* Directions for this task
Where a picture occurs in the data, omit it, and copy all remaining data exactly.

* Given information
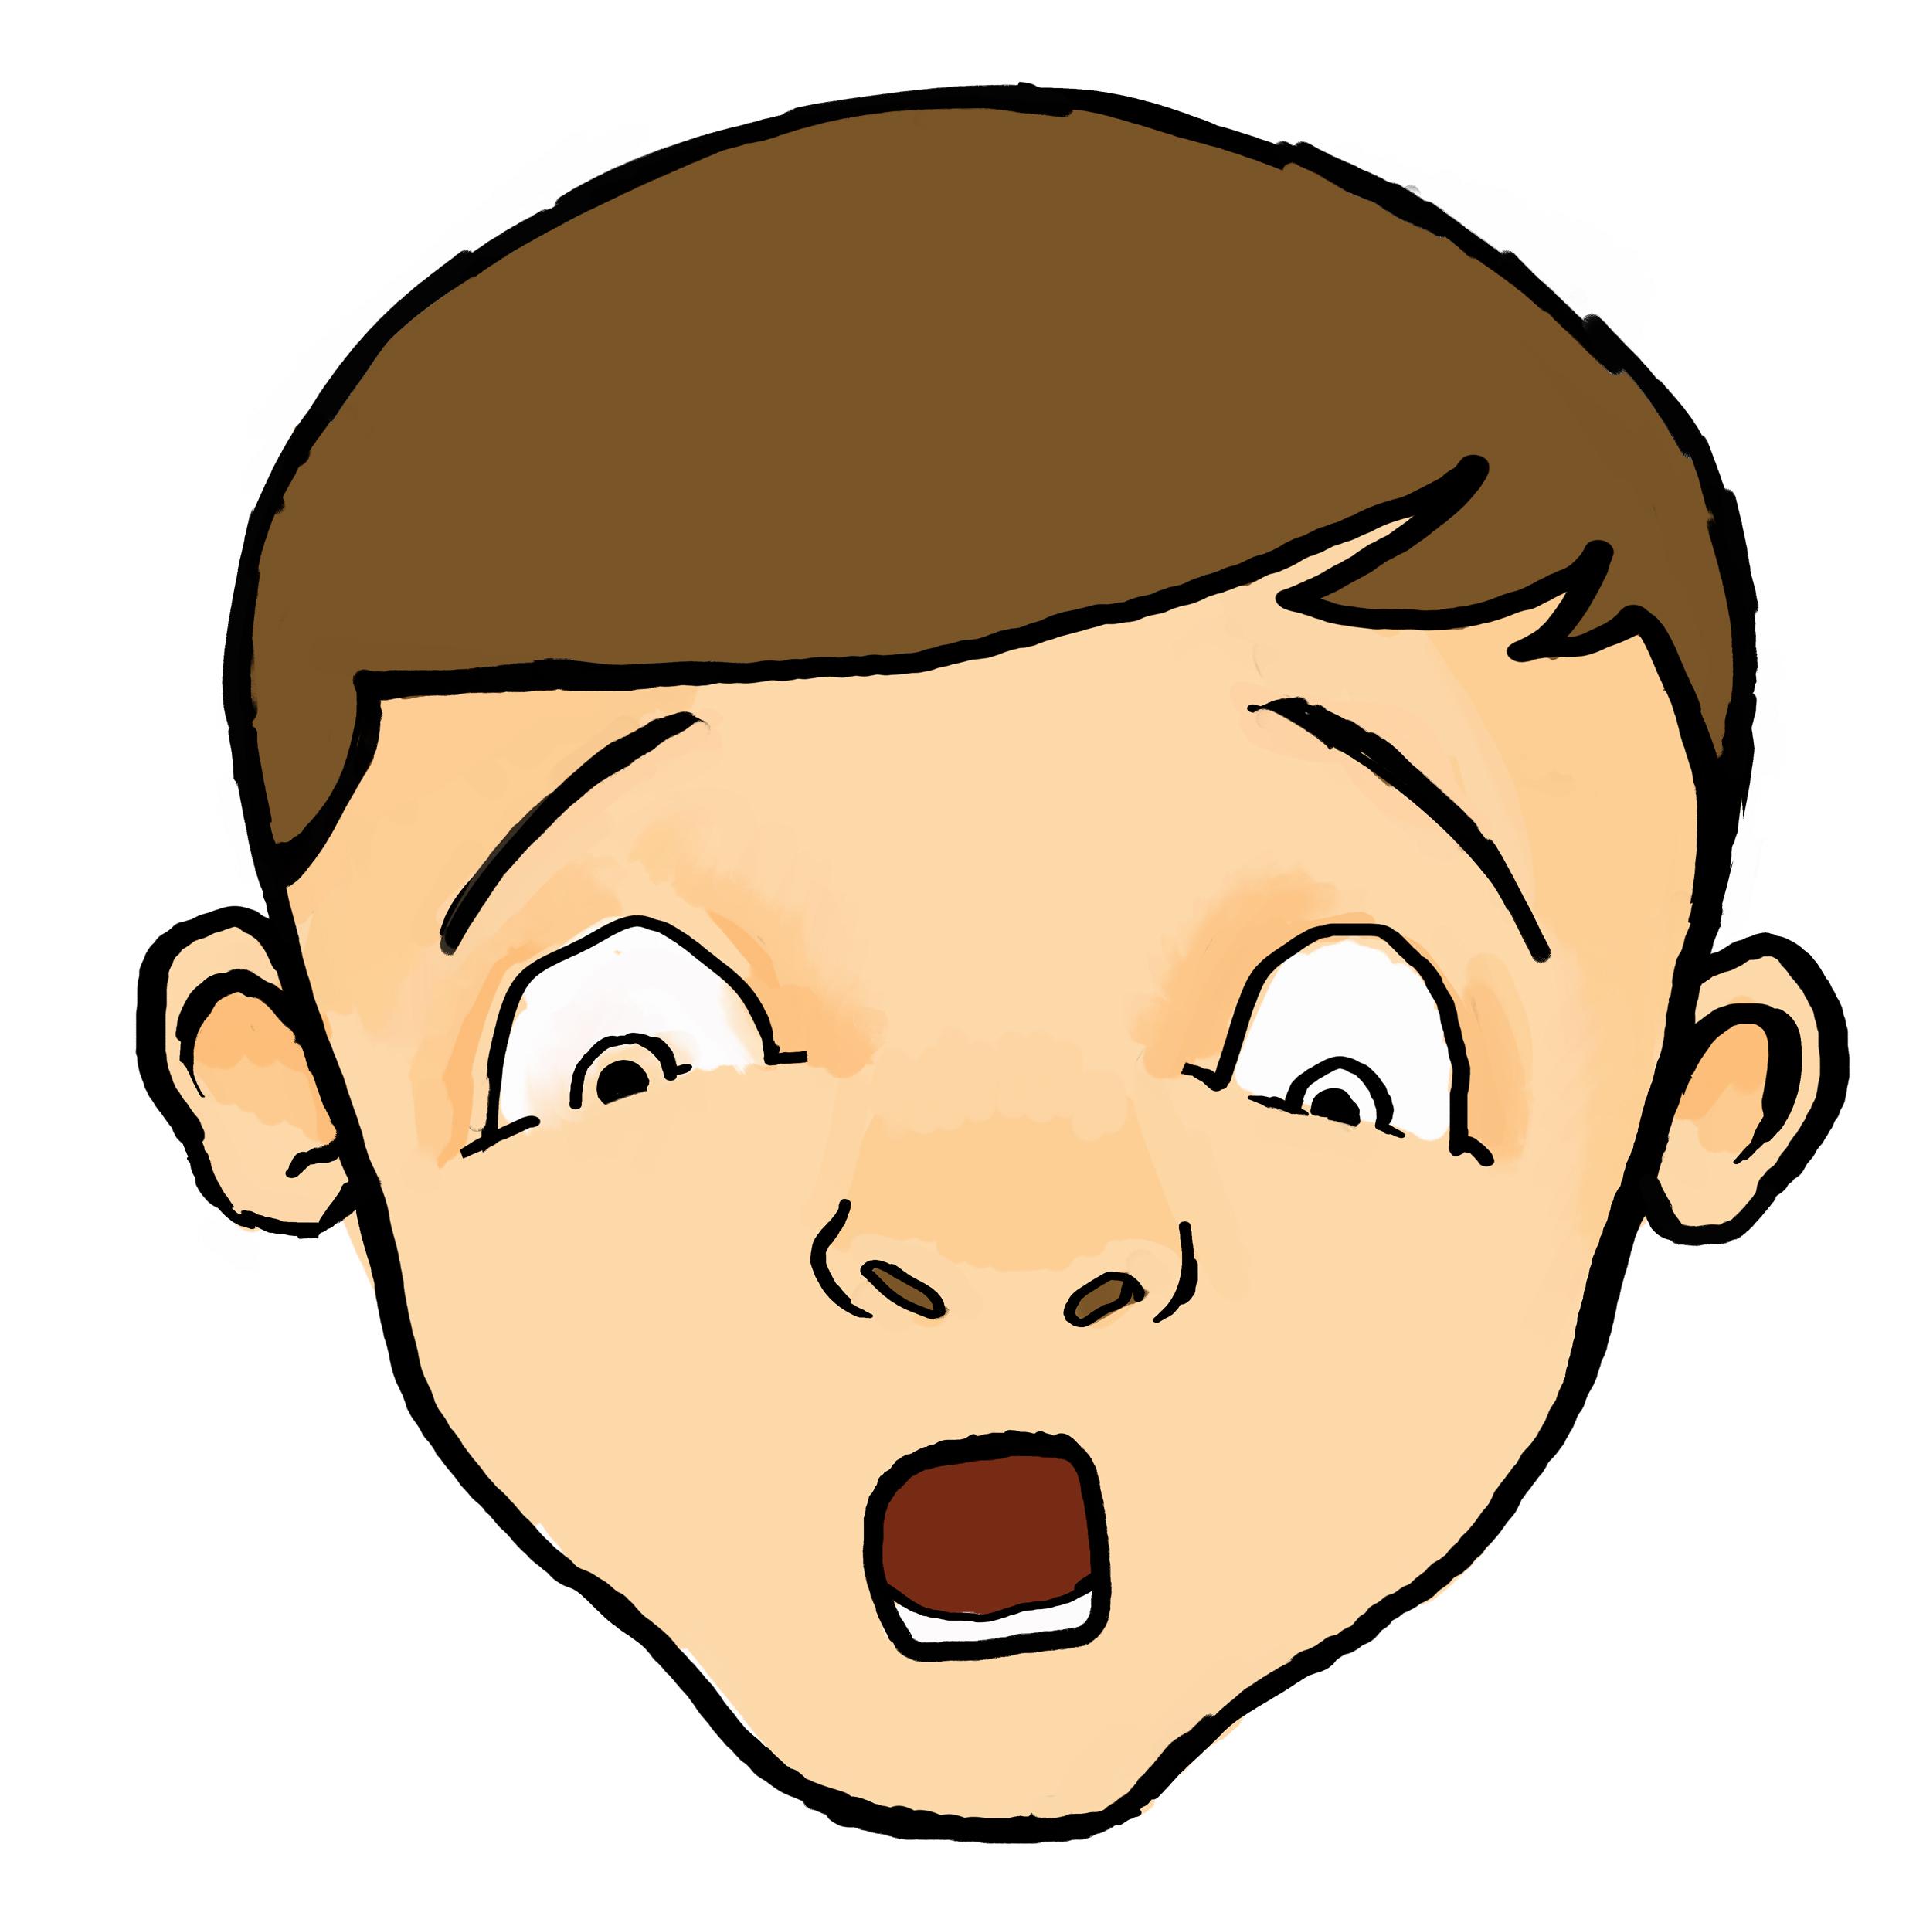 Clip Art Cartoon Faces Cliparts Co
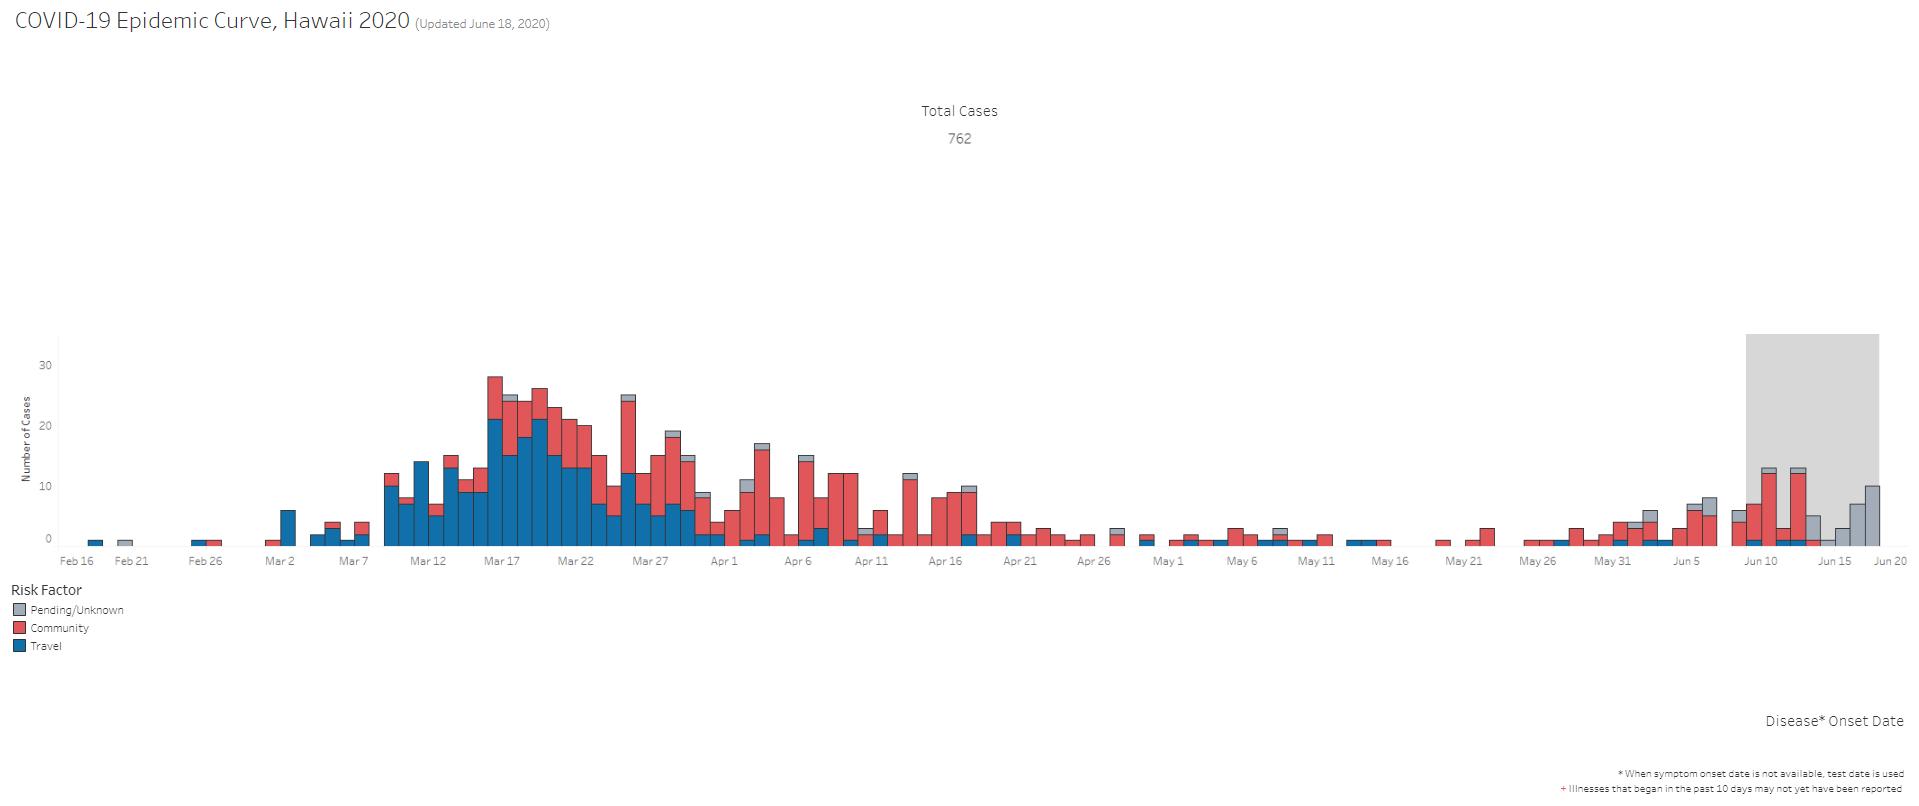 COVID-19 Epidemic Curve Updated June 18, 2020
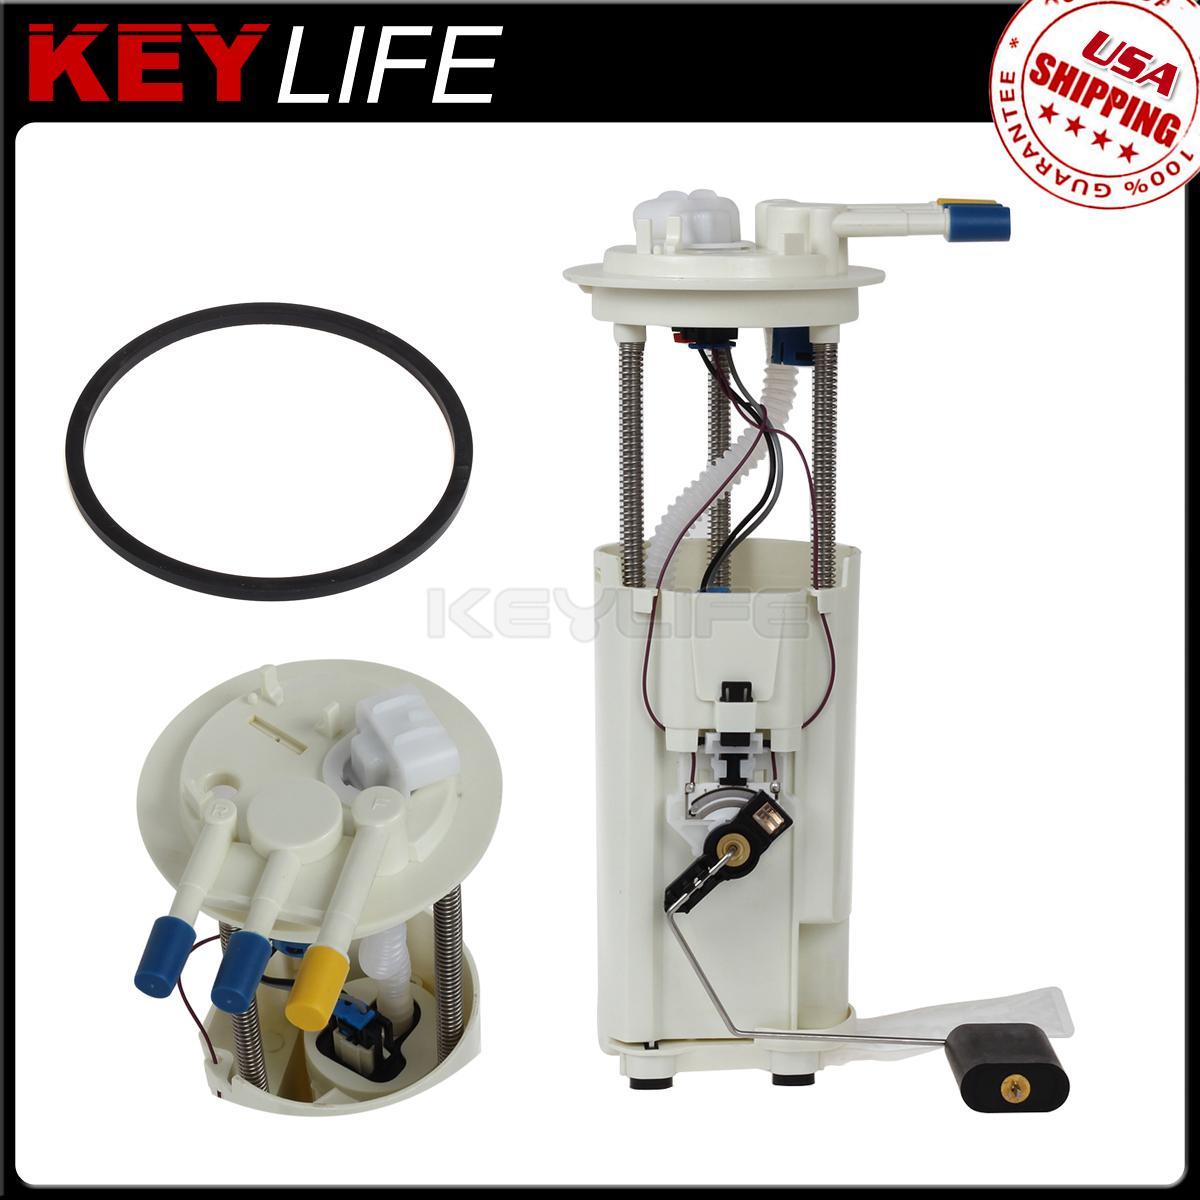 Sp3974m Fuel Pump  U0026 Level Sensor For 98

* Your solution
 Clip Art Cartoon Faces Cliparts Co
 COVID-19 Epidemic Curve Updated June 18, 2020
 Sp3974m Fuel Pump  U0026 Level Sensor For 98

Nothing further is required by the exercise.